Aldermanic Hearing on NorthSide Project Tomorrow

The St. Louis Board of Aldermen's Housing, Urban Development and Zoning Committee will hold a hearing tomorrow on the two board bills -- 218 and 219 -- that would enact a redevelopment agreement for the McEagle NorthSide project and allocate Tax increment financing to the project's first two phases.

The meeting will take place at 10:00 a.m. in the Kennedy Room, formerly the City Council chamber when the city had a bicameral legislature (Room 208).

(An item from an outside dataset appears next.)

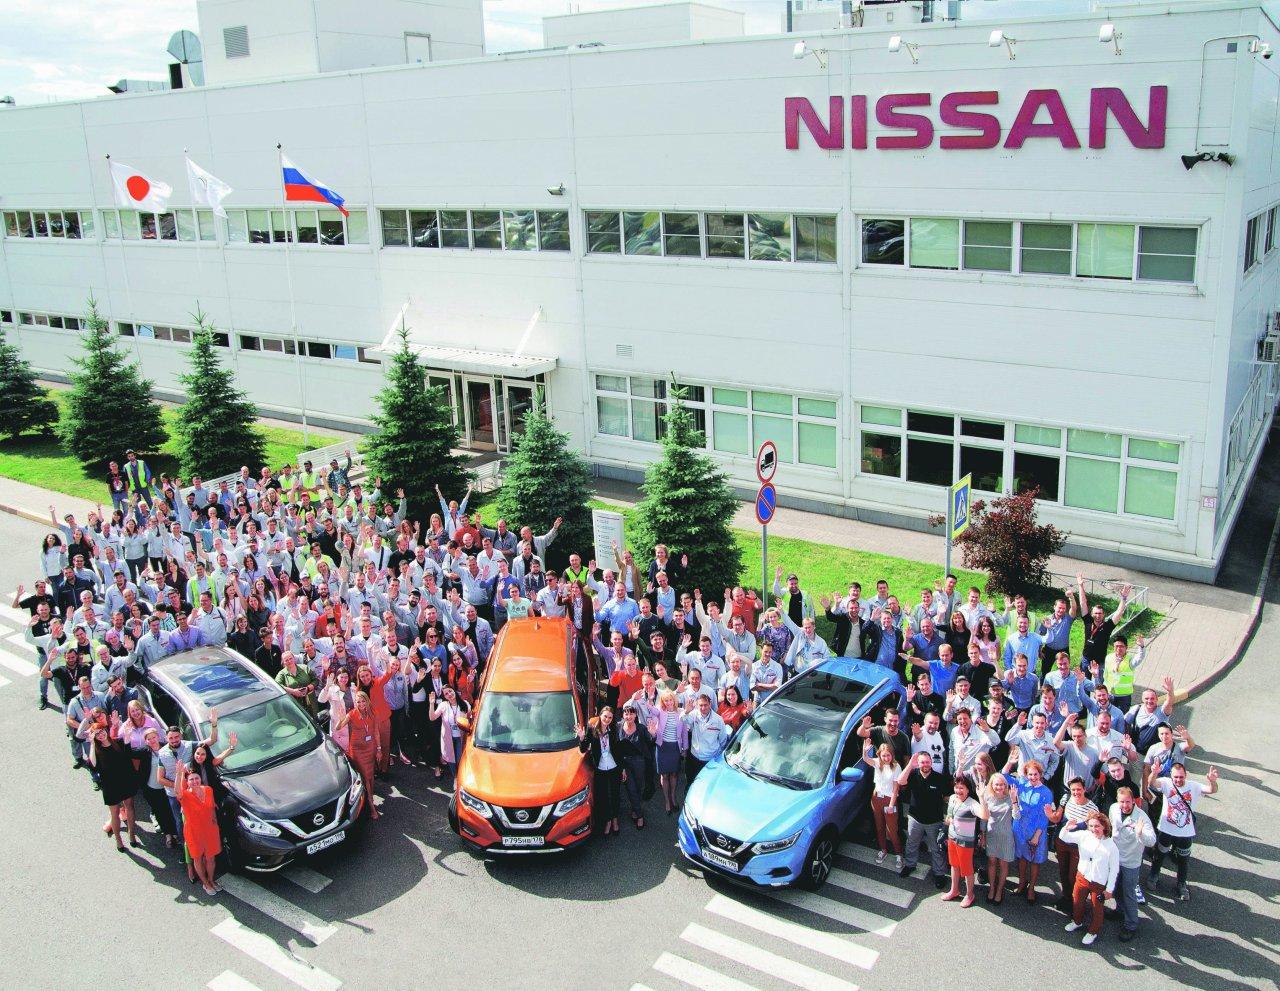 Началось. На заводе Nissan в Питере будут массовые сокращения

Word is buzzing about lawsuits against the project and a recall effort against Alderwoman April Ford-Griffin (D-5th), but the legislation that will give McEagle development power marches along. Does the haste to pass the bill and the fervor to kill it create a situation where smart changes will have little political support? No doubt that McEagle has the votes it needs to pass these ordinances as they have been introduced. The only part of the deal that would probably fail at the Board is public guarantee of the TIF, and that proposal has not been introduced as a bill. Many aldermen have stated total opposition to public guarantee but support for the project itself with the TIF currently proposed.

Thus, there is only a small amount of time in which real changes to these bills can be crafted and proposed. Let's get those changes on the table quickly. What should they be? Post them here and bring them tomorrow morning.

2 comments:

Anonymous said...

the most obvious is to include language requiring McEagle to document the "legacy properties" as a condition to receive the first penny of TIF money. This hand must be forced as it'a apparent that it will stall otherwise. It's really a rather simple process.

barbara_on_19th said...

Gloria B from ONSL did a great job of highlighting concerns with the treatment of historic districts such as Mullanphy and St Cyril-Methodius. She even brought maps! The aldermen showed interest in revisiting those concerns in the redevelopment agreements for the 4 individual areas. The agreements will come up for review sometime next year.